Are Fannie and Freddie Too Big To Fail?  Nothing could be more obvious.

Are Fannie and Freddie systemically important?  Nothing could be more obvious.

Thus what we need is a simple, clear, a-partisan act to immediately reduce the distortions, systemic risk, capital arbitrage, taxpayer exposure and utter dependence on the government, of Fannie and Freddie.  We have already worked out with great efforts over the past several years how to address TBTF banks:  Just apply this to Fannie and Freddie!

Specifically, Plan C has seven steps:

1.        Give Fannie and Freddie the same leverage capital requirement as every TBTF bank holding company, namely, minimum equity capital of 5 percent of total assets.

2.       Formally designate Fannie and Freddie as SIFIs, just like every TBTF bank.  Fannie has assets of $3.3 trillion, bigger than JPMorgan and Bank of America.  Freddie has $2 trillion in assets, bigger than Citigroup and Wells Fargo.  Both are running with close to infinite leverage.  It is undeniable that they are in fact SIFIs.

3.       Make Fannie and Freddie explicitly pay for their proven guaranty from the government, just like TBTF banks have to pay deposit insurance premiums assessed on their total liabilities.  Fannie and Freddie should likewise pay an “offset fee,” also assessed on their total liabilities-- all of which are guaranteed by the government.

I propose this offset fee to the Treasury be set at 0.17% per year. Consider that Fannie and Freddie with essentially zero capital are critically undercapitalized.  The base FDIC assessment fee of the government’s deposit insurance guaranty for an undercapitalized bank is 0.23 percent to 0.35 percent.  The total premiums paid by all banks to the FDIC were about 0.17 percent in 2012 and 0.16 percent in 2013 of estimated insured deposits.   This fee proposal is certainly moderate.
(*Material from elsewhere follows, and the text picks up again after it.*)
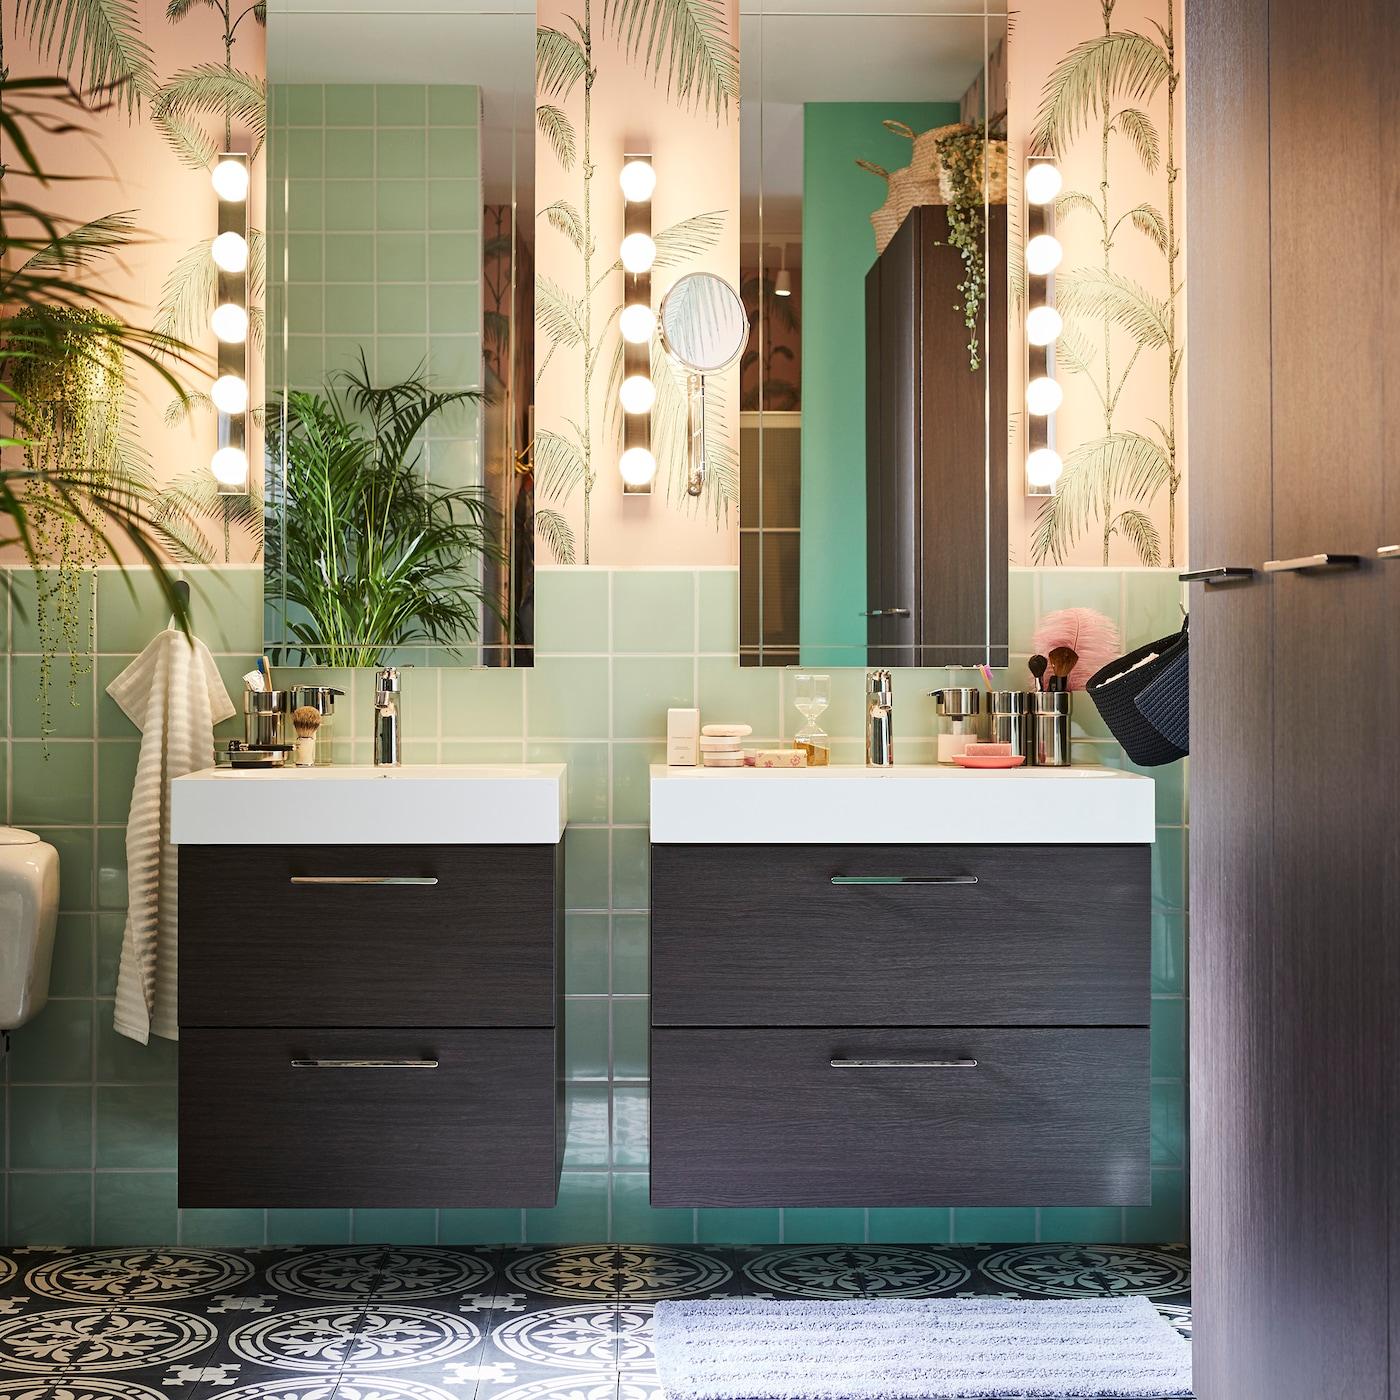 Fürdőszoba 2 tükörrel, 2 mosdóval és tárolóhellyel, kihúzható részekkel, fali világítással és növénnyel.

4.       Apply all consumer protection rules in full force to Fannie and Freddie, just like to every TBTF bank. Fannie and Freddie now have a free pass to avoid regulations intended to protect mortgage borrowers--that is ridiculous.

5.       Remove all special treatment of Fannie and Freddie from all banking regulations.  The limits on credit exposure to one borrower, the risk-based capital requirements on such exposure, and in every other respect, Fannie and Freddie should be treated in banking regulations exactly as any other TBTF bank.

6.       Eliminate Fannie and Freddie’s exemption from state and local income taxes.  Treat them in this respect, too, just like every other TBTF bank.

7.       Finally, when steps 1-6 are in place, we can settle the issue of how to treat the bailout senior preferred stock of Fannie and Freddie.  I propose that its dividend should be set in statute at its original 10 percent per year, it being understood that paying dividends of course does not reduce the principal of preferred stock.  Fannie and Freddie must first pay their offset fee, then the dividends on the taxpayers’ senior preferred, then build up their capital until it reaches 5 percent of total assets.  After that, all excess cash must go to retiring the remaining principal of the senior preferred stock at par until it is fully paid.  There must be no dividends on the old junior preferred stock or common stock until the capital requirement is met and the taxpayers’ forced investment is completely retired at par.

After all that is done, the old junior preferred and common stock could again receive dividends out of profits Fannie and Freddie might make while competing on a level basis with all other TBTF banks.

We should immediately preempt the danger the pernicious status quo by implementing Plan C.  Then continue working on Plans A and B.

Pollock is a resident fellow at the American Enterprise Institute in Washington, DC.